Sister Bear’s playground rep is shaken by the arrival of the cool new kid in town, Queenie McBear. Queenie sneers at Sister’s pink hairbow, mocks her little-girl tricycle, and asks who came up with the name “Sister”. (Queenie is a jerk, but I can’t really argue with her on that last point.) Everyone but Sister’s best friend Lizzie ditches her to hang out with Queenie. Her friends only come flocking back to her at the neighborhood double-dutch tournament, because Sister is a double-dutch rock star. She cements her spot as playground VIP by jump-roping circles around the hapless Queenie.

5. The Berenstain Bears and Too Much Vacation

Moral: Eating random things you find in the woods will at worst make you need a glass of water to wash away the taste, not a call to Poison Control.
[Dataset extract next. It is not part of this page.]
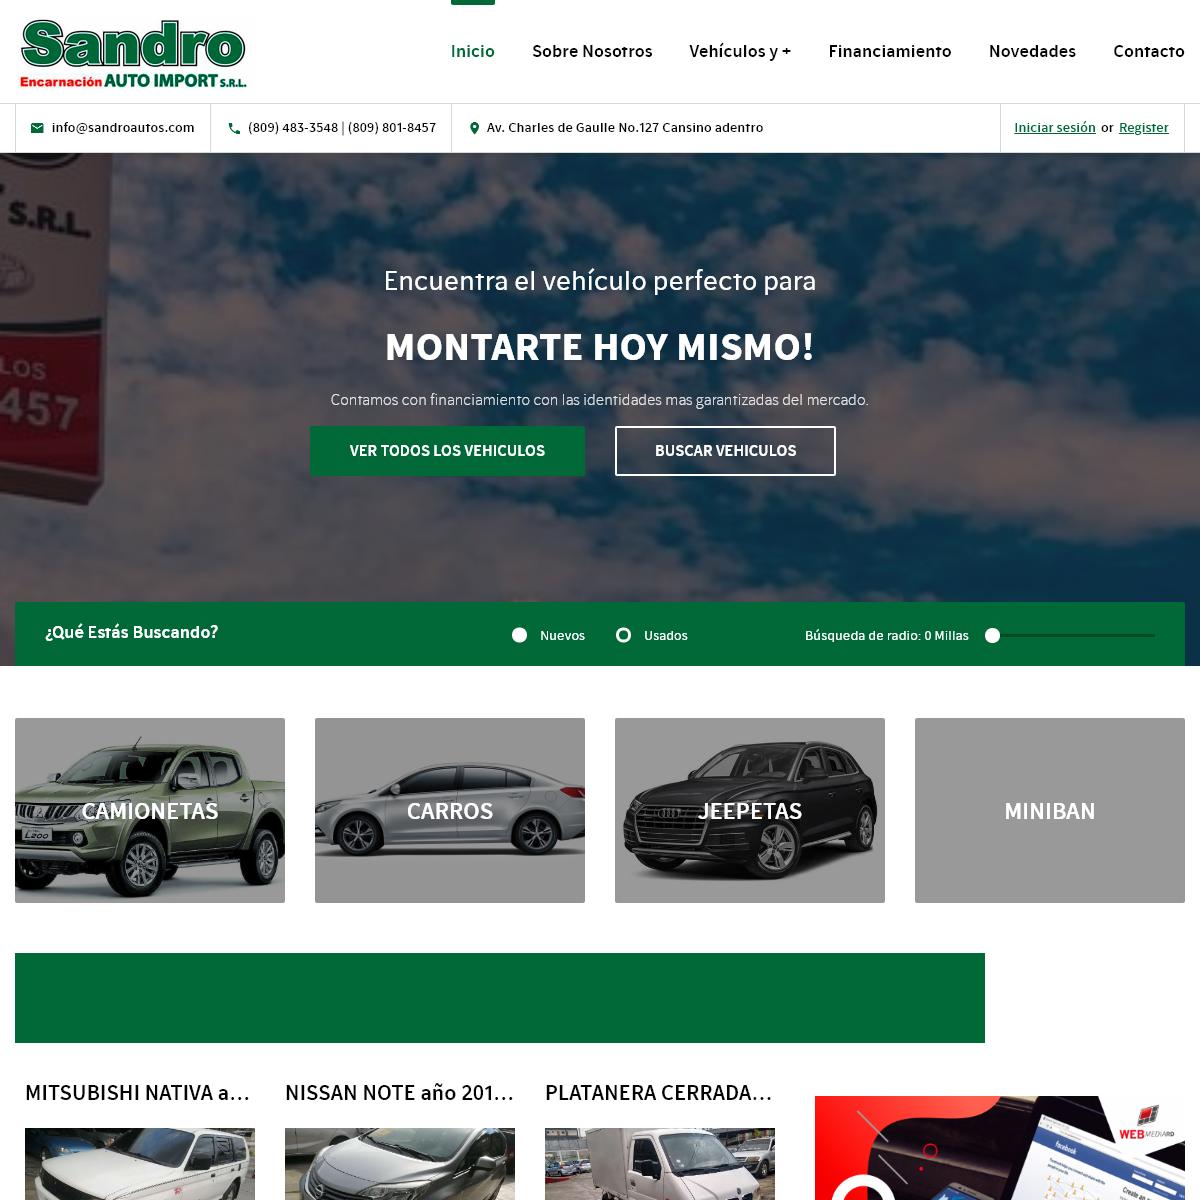 SandroAutos.com – Ventas de vehículos usados en perfectas condiciones

Under the enthusiastic guidance of Papa Bear, the Bear family tries to make a vacation of roughing it in a rustic country cabin. They endure swarms of mosquitoes, leaky roofs and flooding, and worst of all, Papa’s attempts for the family to “live off the land”. The family eats berries they find in the forest, and Papa even makes a wilderness stew of bark, leaves, and what appear to be mushrooms that he collects in the forest. Somehow, the story ends with a meal of canned beans and an early departure for home instead of a series of increasingly terrifying hallucinations and/or a trip to the emergency room.
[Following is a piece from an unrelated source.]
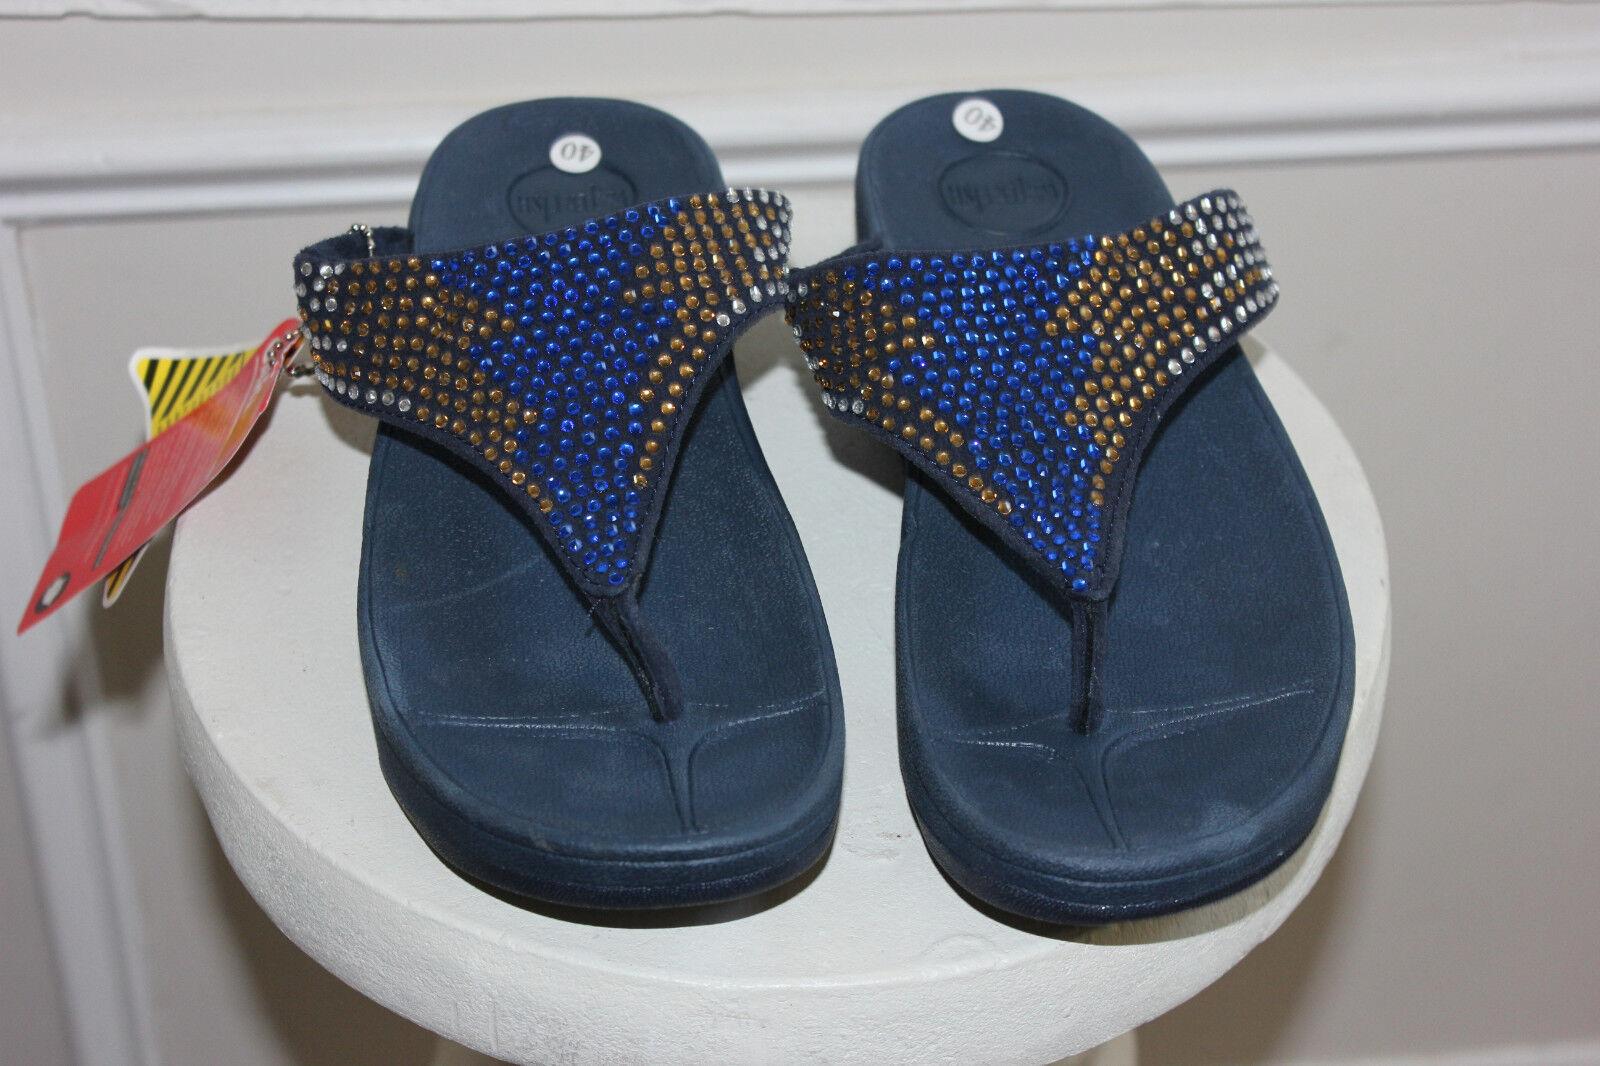 Nueva Acolchada Flip-flop Azul Sandalia Sandalia Sandalia Zapatillas Zapatos Talla 36  ventas en línea de venta

7. Every Berenstain Bears Book Ever

Moral: Dads are the actual worst. Papa Bear is the epitome of Sitcom Dad Syndrome. His solutions to family problems are silly at best and actively harmful at worst. He suggests that he might be able to solve Sister’s nail-biting problem by screaming at her, is literally unable to figure out what he can drink when Mama takes away soda, and basically tells Sister is she’s not careful about who she talks to, she’s going to get murdered by a stranger, making her terrified to go outside. The easy-reader book Ready, Get Set, Go further establishes Papa’s reputation as a bumbling buffoon, where he loses races, climbing competitions, and long-jumps to his tiny children. The only thing Papa is best at? Sleeping. Oh, and there’s the fact that he could have poisoned his family by feeding them unidentified berries and fungus from the middle of the woods. As a semi-professional misandrist feminist, I am super-embarrassed on behalf of dads everywhere for the portrayal of fatherhood provided by Papa Q. Bear.